1. an unmanned aerial vehicle body; 2. supporting legs; 3. a servo system body; 4. filtering with a screen; 5. a heat dissipation window; 6. a drain pipe; 7. an intercepting net; 8. a motor; 9. a partition plate; 10. a vent passage; 11. a fan blade; 12. a flow guide surface; 13. and (5) installing a sleeve plate.

Detailed Description

The technical solutions in the embodiments of the present invention will be described clearly and completely with reference to the drawings in the embodiments of the present invention, and it is obvious that the described embodiments are only some embodiments of the present invention, not all embodiments. Based on the embodiments in the present invention, all other embodiments obtained by a person skilled in the art without creative work belong to the protection scope of the present invention.

In the description of the present invention, it should be noted that the terms "upper", "lower", "inner", "outer", "front end", "rear end", "both ends", "one end", "the other end" and the like indicate orientations or positional relationships based on the orientations or positional relationships shown in the drawings, and are only for convenience of description and simplification of description, but do not indicate or imply that the device or element to which the reference is made must have a specific orientation, be constructed in a specific orientation, and be operated, and thus, should not be construed as limiting the present invention. Furthermore, the terms "first" and "second" are used for descriptive purposes only and are not to be construed as indicating or implying relative importance.

In the description of the present invention, it is to be noted that, unless otherwise explicitly specified or limited, the terms "mounted," "disposed," "connected," and the like are to be construed broadly, and for example, "connected" may be either fixedly connected or detachably connected, or integrally connected; can be mechanically or electrically connected; they may be connected directly or indirectly through intervening media, or they may be interconnected between two elements. The specific meaning of the above terms in the present invention can be understood in specific cases to those skilled in the art.

The technical solution of the present invention will be further explained with reference to the accompanying drawings and specific embodiments.

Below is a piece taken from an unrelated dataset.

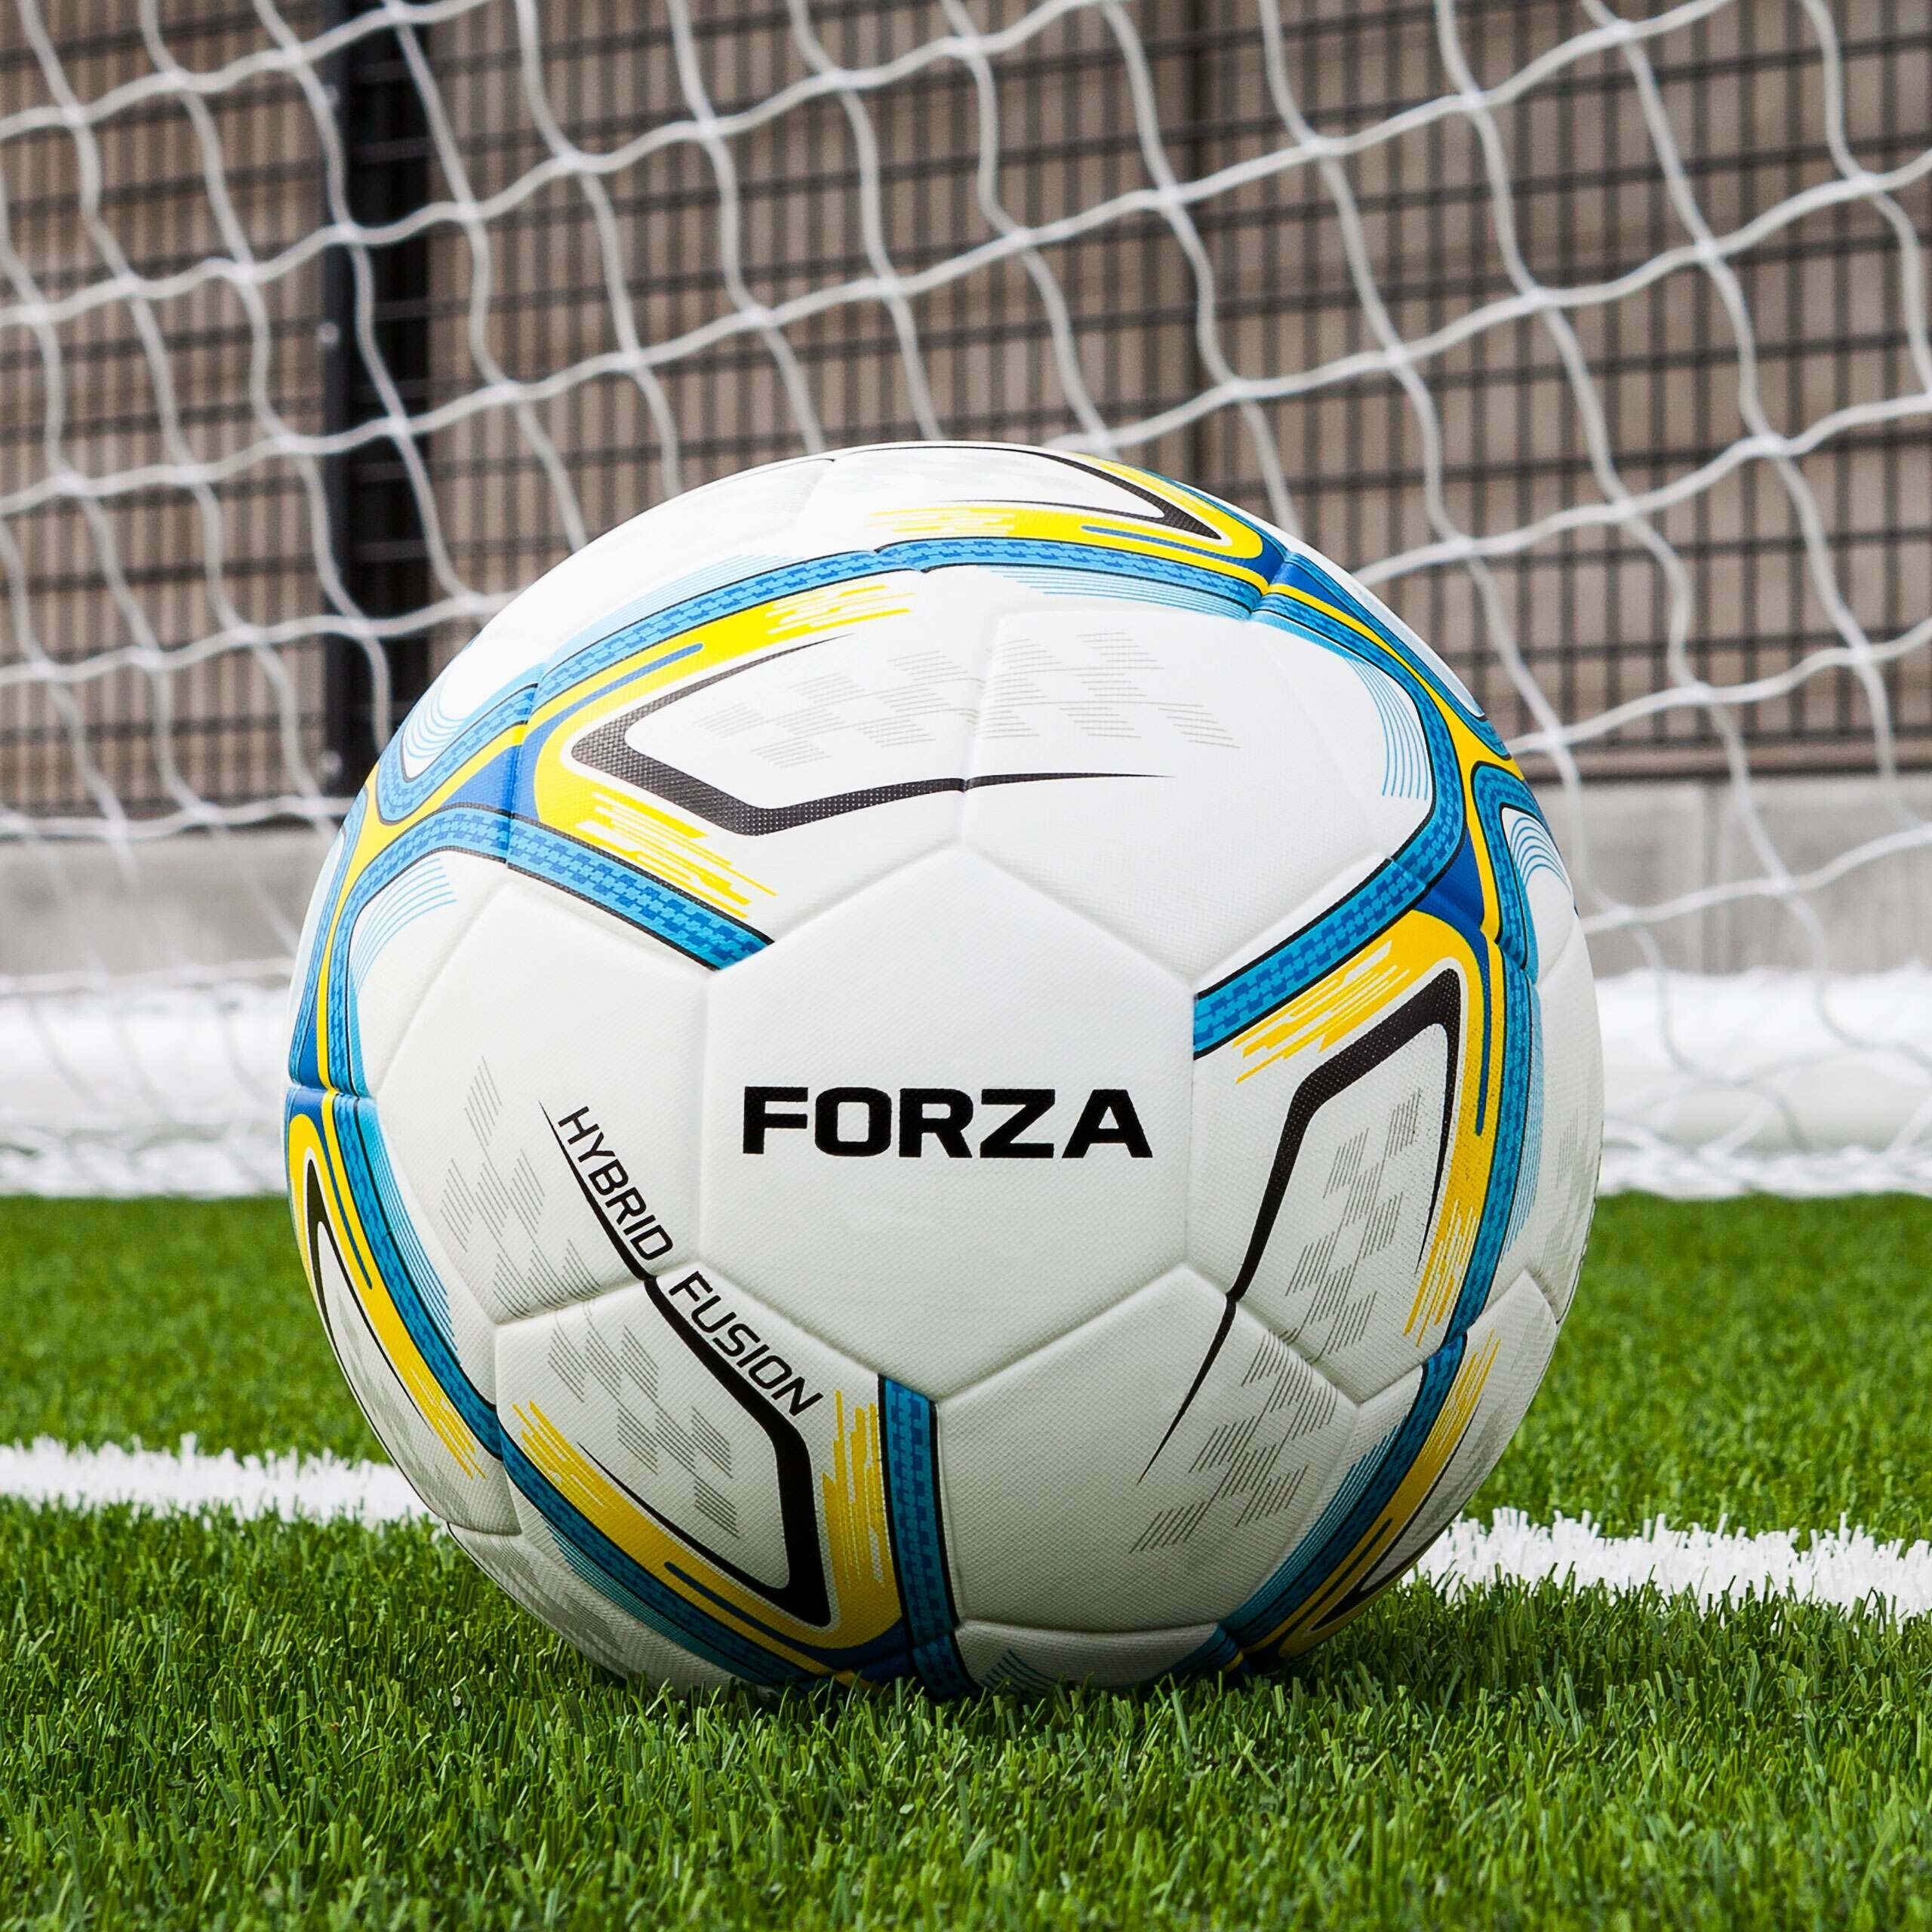 7b51c430f3b11 Top 10 Punto Medio Noticias | Soccer Ball

The first embodiment is as follows:

as shown in fig. 1, fig. 2, fig. 3 and fig. 4, the utility model provides a servo system for many redundancies of unmanned aerial vehicle, including unmanned aerial vehicle body 1, servo body 3, drain pipe 6, motor 8 and baffle 9, servo body 3 top is provided with unmanned aerial vehicle body 1, radiator window 5 has all been seted up at both ends around the servo body 3, radiator window 5 is inside to be provided with filter screen 4, inside two baffles 9 that all are provided with in both ends around the servo body 3, both ends are connected with servo body 3 inner wall about two baffles 9, two baffles 9 one side outer walls are connected with servo body 3 inner wall, both ends are provided with ventilation channel 10 around two baffles 9, servo body lower extreme is located ventilation channel position department inner wall department and is provided with water conservancy diversion face 12, servo body 3 lower extreme edge is provided with symmetric distribution's drain pipe 6, the inside interception net 7 that is provided with of drain pipe 6, the servo body 3 is run through in to the drain pipe 6 upper end, inside one end of servo body 3 is located ventilation channel 10 is run through to water conservancy diversion face 12 towards drain pipe 6 department slope.

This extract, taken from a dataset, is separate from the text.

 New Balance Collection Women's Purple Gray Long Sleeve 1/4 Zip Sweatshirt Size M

In this embodiment: liquid enters the servo system body 3 through the heat radiation window 5, and then enters the ventilation channel 10, liquid inside the ventilation channel 10 is intercepted by the partition plate 9, even if the liquid is built inside the ventilation channel 10 close to the heat radiation window 5, the liquid can be intercepted secondarily by another baffle for the sputtered liquid, the liquid falls on the flow guide surface 12, the liquid is conveyed to the drain pipe 6 through the inclined surface of the flow guide surface 12, the drain pipe 6 discharges the liquid entering the servo system body 3, the contact between internal elements of the servo system body 3 and water is avoided, and effective protection is achieved for the internal elements of the servo system body 3.

Example two:

as shown in fig. 3 and fig. 4, the utility model provides a servo system for many redundancies of unmanned aerial vehicle compares in embodiment one, and this embodiment still includes: the inside motor 8 that is provided with of passageway 10 ventilates, 8 outer walls of motor have cup jointed installation lagging 13, and installation lagging 13 one end is connected with 3 inner walls of servo body, and 8 one end outer walls of motor are provided with the flabellum 11 that the equidistance distributes, and 3 lower surface four corners departments of servo body all are provided with supporting leg 2.

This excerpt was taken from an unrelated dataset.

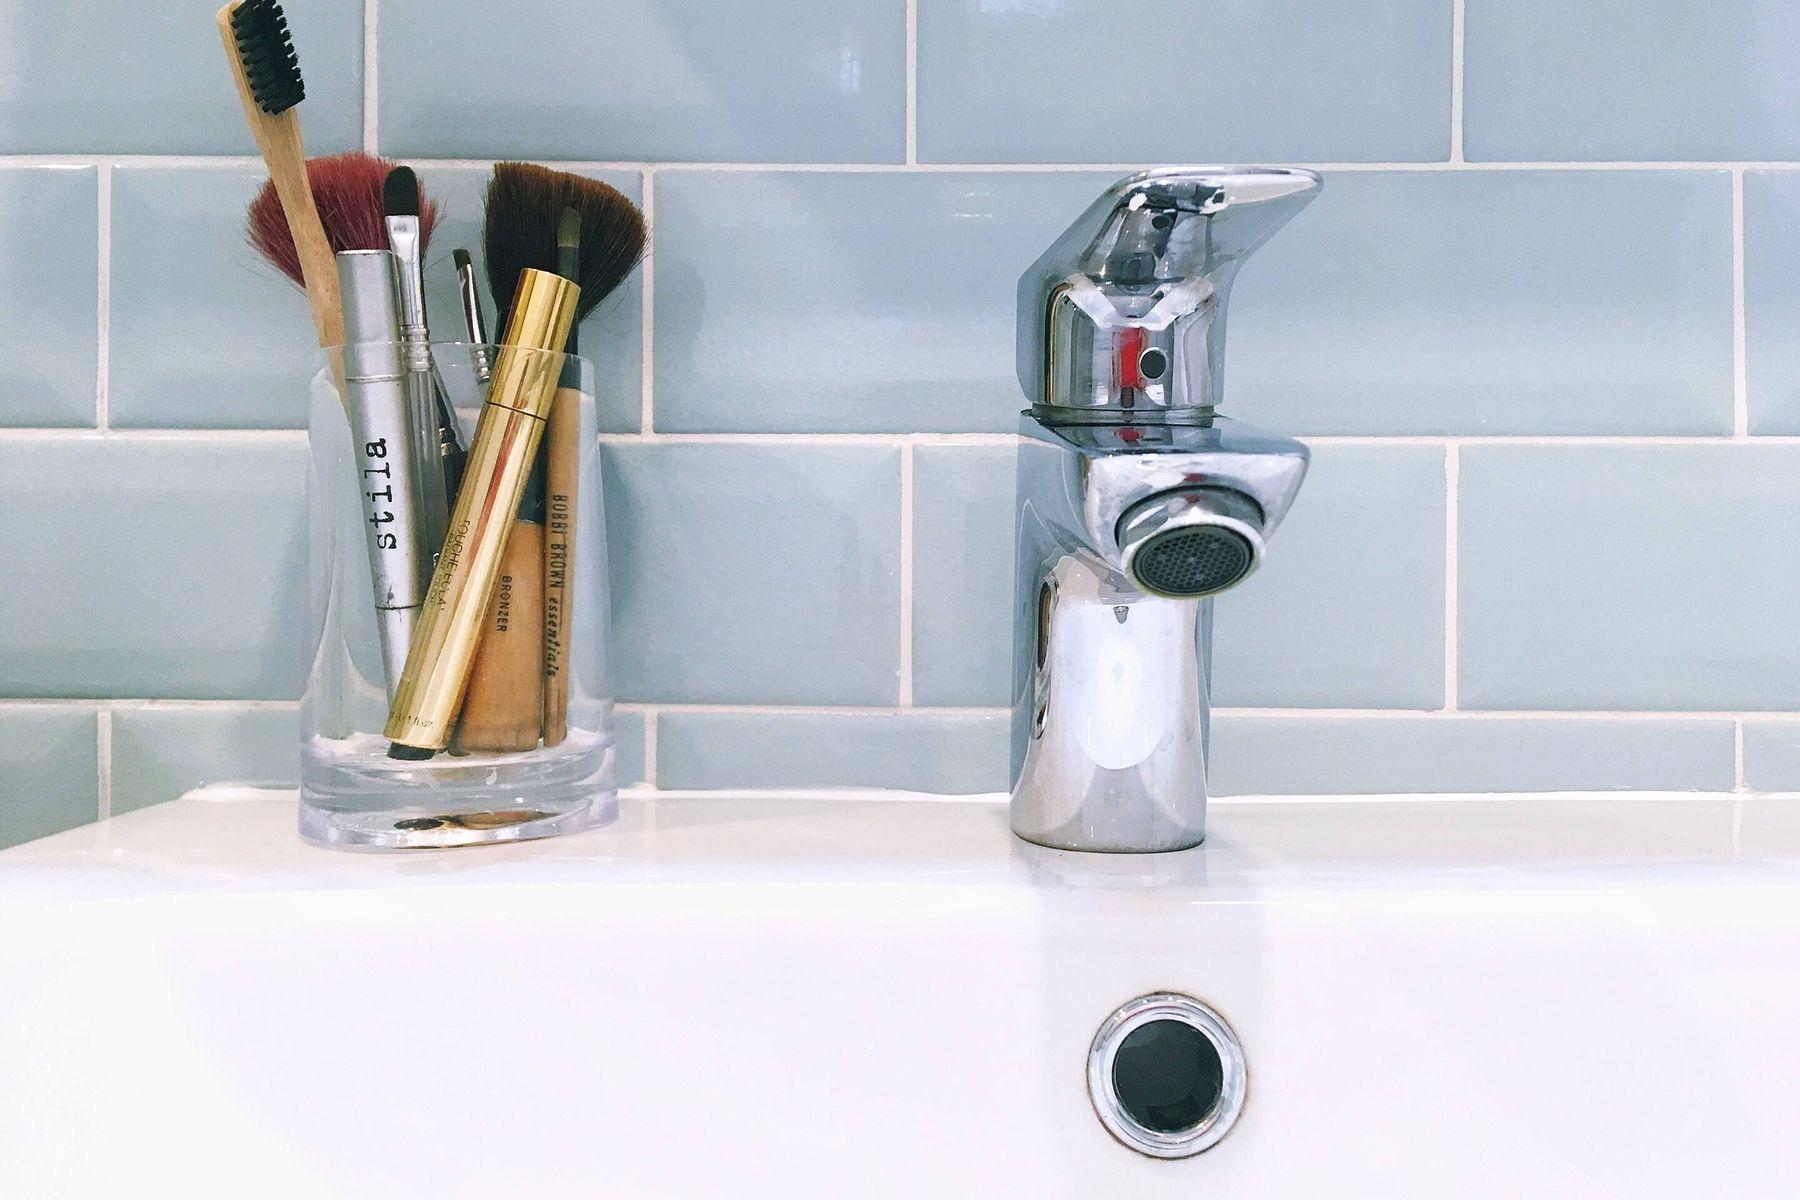 Banyo Lavabosu ve Makyaj Malzemeleri

In this embodiment, the setting of baffle 9 has reduced 3 inside and external air mobility of servo body, and motor 8 function drives flabellum 11 and rotates, drives the air and flows for 3 inside air flows of servo body, has effectively compensatied the baffle and has reduced the problem of 3 inside circulation of air of servo body, and guarantee servo body 3 effectively dispels the heat through heat dissipation window 5.

It is obvious to a person skilled in the art that the invention is not restricted to details of the above-described exemplary embodiments, but that it can be implemented in other specific forms without departing from the spirit or essential characteristics of the invention. The present embodiments are therefore to be considered in all respects as illustrative and not restrictive, the scope of the invention being indicated by the appended claims rather than by the foregoing description, and all changes which come within the meaning and range of equivalency of the claims are therefore intended to be embraced therein. Any reference sign in a claim should not be construed as limiting the claim concerned.

Claims (7)

1. The utility model provides a servo for many redundancies of unmanned aerial vehicle, includes unmanned aerial vehicle body (1), servo body (3), drain pipe (6), motor (8) and baffle (9), its characterized in that: servo body (3) top is provided with unmanned aerial vehicle body (1), heat dissipation window (5) have all been seted up at both ends around servo body (3), inside two baffles (9) of all being provided with in both ends around servo body (3), two both ends are provided with passageway (10) of ventilating around baffle (9), servo body (3) lower extreme edge is provided with symmetric distribution's drain pipe (6), passageway (10) inside is provided with motor (8) of ventilating, motor (8) one end outer wall is provided with flabellum (11) that the equidistance distributes.

2. The servo system for multiple redundancy of drones according to claim 1, characterized in that: and a filter screen (4) is arranged in the heat dissipation window (5).

3. The servo system for multiple redundancy of drones according to claim 1, characterized in that: the upper end and the lower end of the two partition plates (9) are connected with the inner wall of the servo system body (3), and the outer wall of one side of each partition plate (9) is connected with the inner wall of the servo system body (3).

4. The servo system for multiple redundancy of drones according to claim 1, characterized in that: the inner wall of the lower end of the servo system body (3) at the position of the ventilation channel (10) is provided with a flow guide surface (12), and the flow guide surface (12) inclines towards the drain pipe (6).

5. The servo system for multiple redundancy of drones according to claim 1, characterized in that: the water draining pipe (6) is internally provided with an intercepting net (7), the upper end of the water draining pipe (6) penetrates through the servo system body (3), and one end of the water draining pipe (6), which penetrates through the interior of the servo system body (3), is positioned inside the ventilation channel (10).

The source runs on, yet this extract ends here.